His statements seem to be aimed at mobilising public support and avoiding being handed over to the US authorities.

Khan has also said that when American diplomat, Steve Lesniak was kidnapped and taken to the village of Buxton he met with operatives from the American Embassy on a daily basis and provided them with information and hard evidence that led to the issuance of an arrest warrant for escapee Shawn Browne, who was thought to have masterminded the abduction. Browne was later cornered in a house a few days after and shot dead by the police. According to the source, Khan employed ex-convicts and policemen, paid them and had them gather intelligence on the whereabouts of the five escapees: Browne, Troy Dick, Andrew Douglas, Dale Moore and Mark Fraser. The quintet had made a bloody escape from the Camp Street Prison on February 23, 2002. Their escape was the catalyst for a wave of crime that the country had never experienced.
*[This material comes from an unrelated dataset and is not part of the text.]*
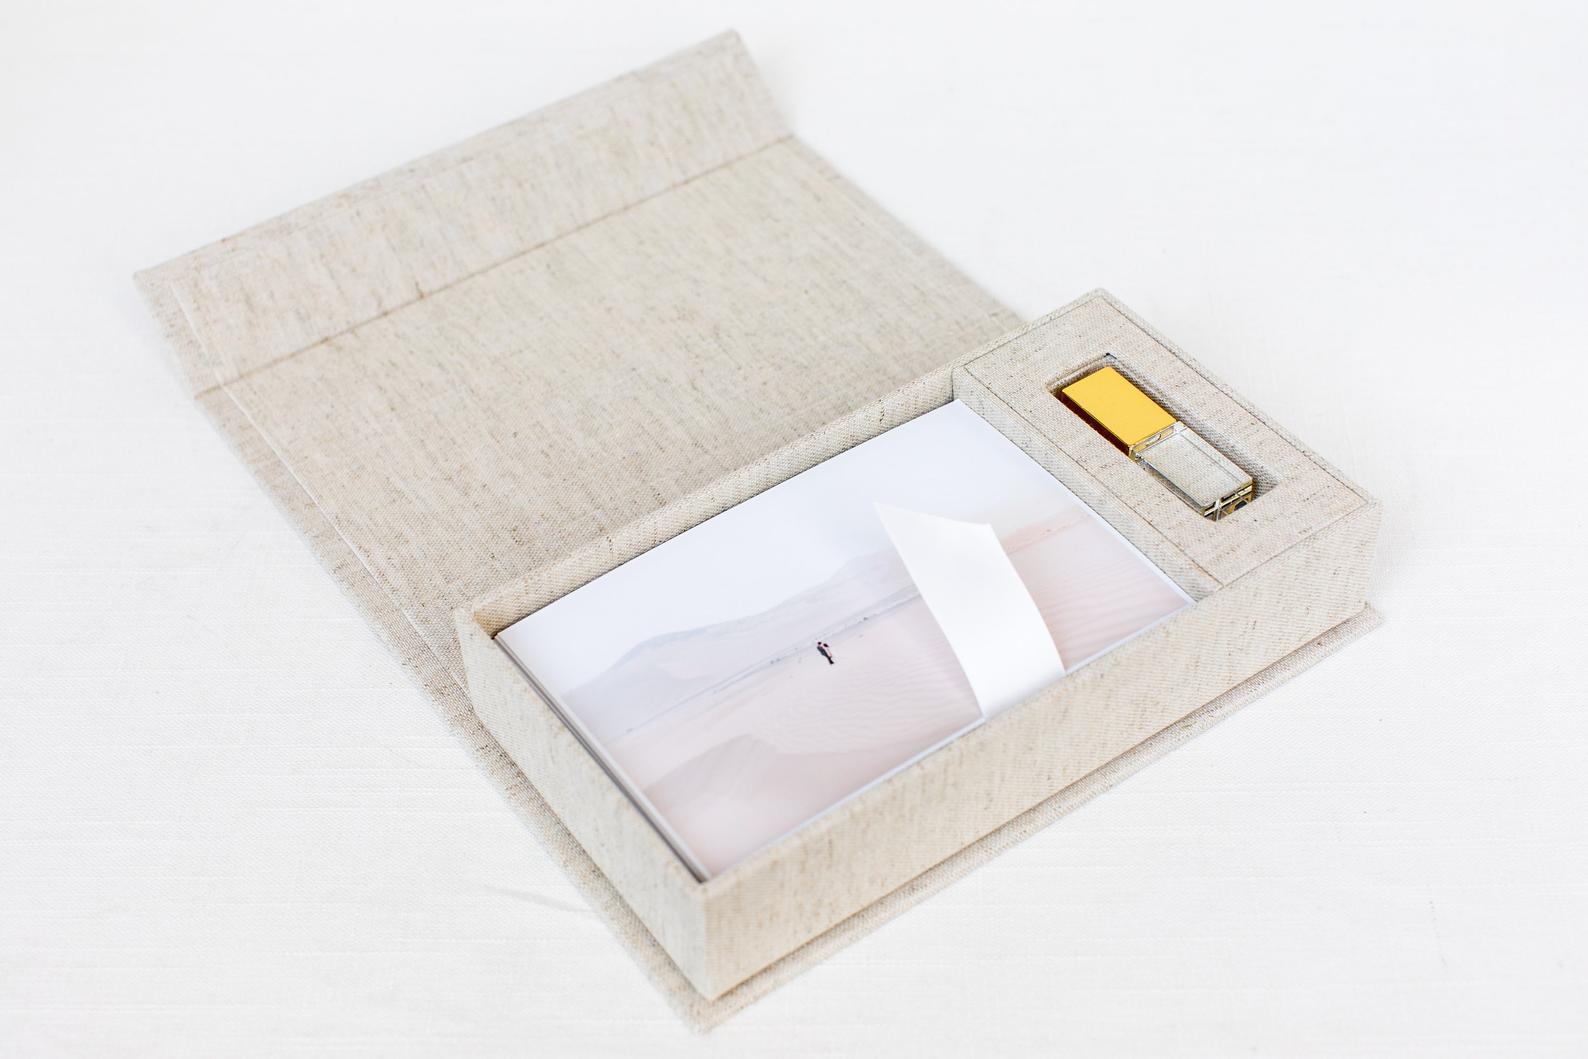 USB drive + presentation box with prints

During the period some 21 policemen were shot dead and countless civilians murdered on a daily basis. This period also saw scores of policemen leaving the job and confidence in the force was at an all-time low.

According to the source close to Khan, it was during this period Khan got together with some other businessmen and organised a strategy to help fight the criminals who were running amok. The source said Khan used his own intelligence and resources. "He worked directly with the Target Squad and provided its members with information on criminals and leads and they used that information and got to some of the criminals," the source said. "Khan never picked up a gun as far as I know and hunted down any criminal, his role was basically to show the way," the source said.
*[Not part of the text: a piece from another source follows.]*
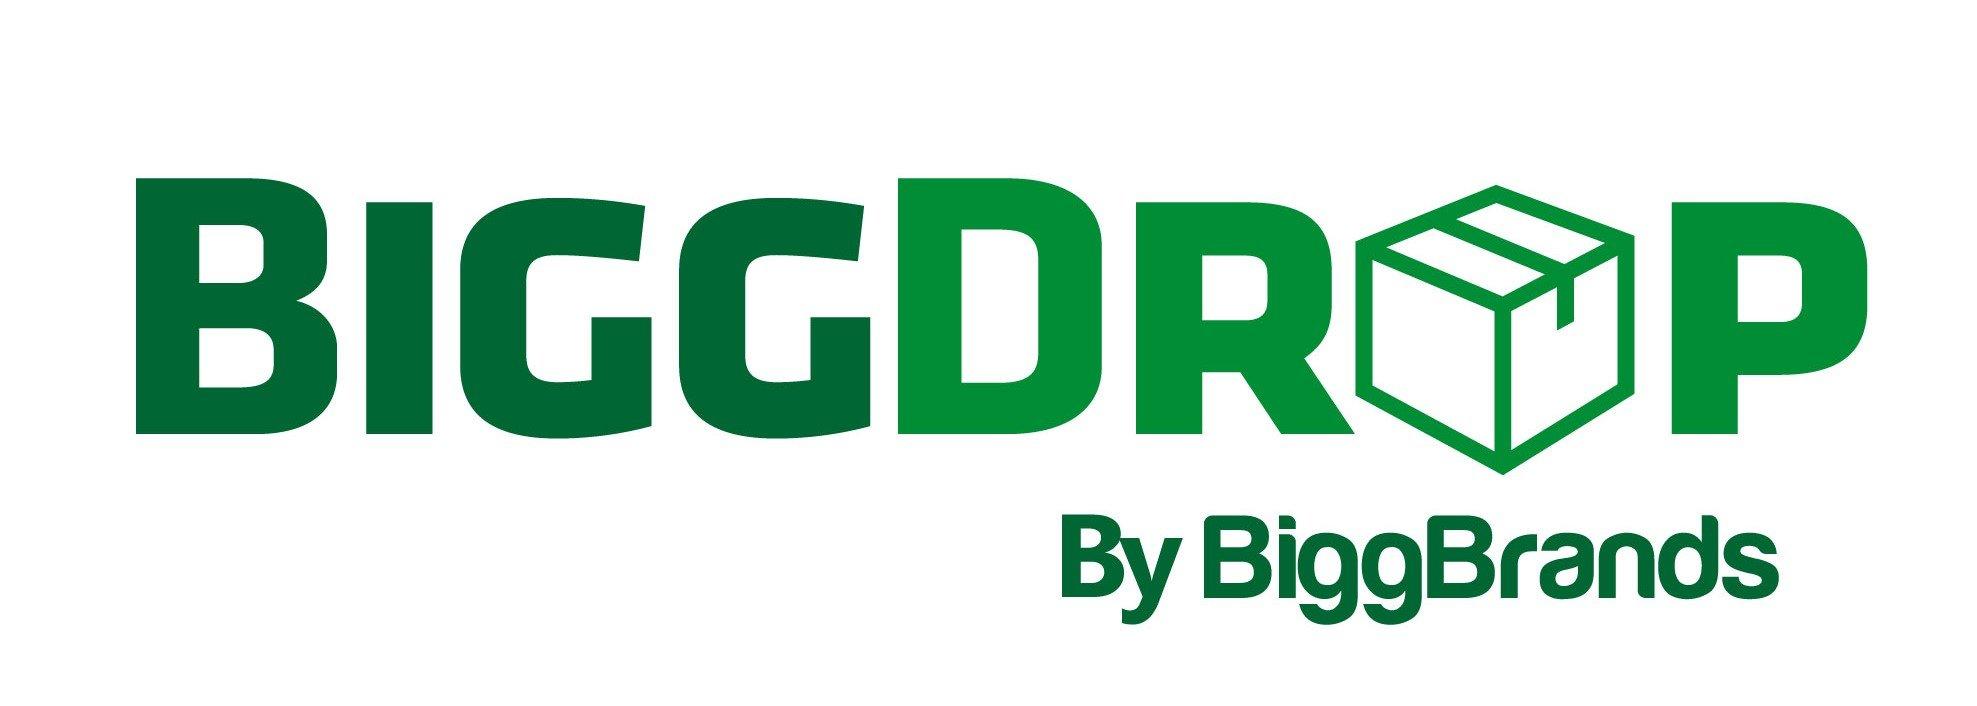 webshopimporter-biggdrop-logo

The source could not say how Khan acquired his resources. Khan, Sean Belfield, who was then a serving member of the TSS and Haroon Yahya were intercepted at Good Hope by an army patrol in December 2002. The vehicle they were travelling in had a cache of high-powered weapons and electronic equipment capable of intercepting telephone calls. The trio was charged and went before the courts, but the case was later dismissed. The source added that following the appointment of Commis-sioner of Police, Winston Felix, the relationship between Khan and the TSS broke off as Felix sought to dismantle the squad and later dismissed many of the operatives of the group. However, the source said Khan still maintained relations with most of the members of the disbanded TSS and today a number of them are working for him, either as bodyguards or informants.

Earlier this year the Police Force was compelled to issue newspaper notices with the faces and names of almost all of the former TSS members. It was alleged that the ex-policemen were going around claiming still to be members of the force and some were actually involved in criminal activities.

Asked about the so-called "Phantom Squad", the source said, the ex-convict network, which Khan employed as his informants, could be viewed as that but most of the killings were being carried out by other persons.

"So when we were hearing and seeing bodies being picked up around the country on a daily basis, some of those killings were actually done" by other persons.

A number of young men, some with shady backgrounds were executed by a killing group during 2003-2004. Self-confessed death squad informant George Bacchus had made a number of allegations against then Minister of Home Affairs Ronald Gajraj in relation to the operations of the squad. A Presidential Commission of Inquiry was subsequently held into the allegation that the minister was involved in the setting up of the squad and it cleared him.

Asked how Khan got his intelligence on criminal activities, the source said that he used his informants well. Stabroek News was told that Khan had even employed a few men in the village of Buxton where the escapees had camped out. Some of those men after it was discovered that they were informants were either shot and killed by Buxton gunmen or chased out of the village. "Today Khan still believes that he did a whole lot to help the police in fighting crime and he will continue to say this," the source told Stabroek News.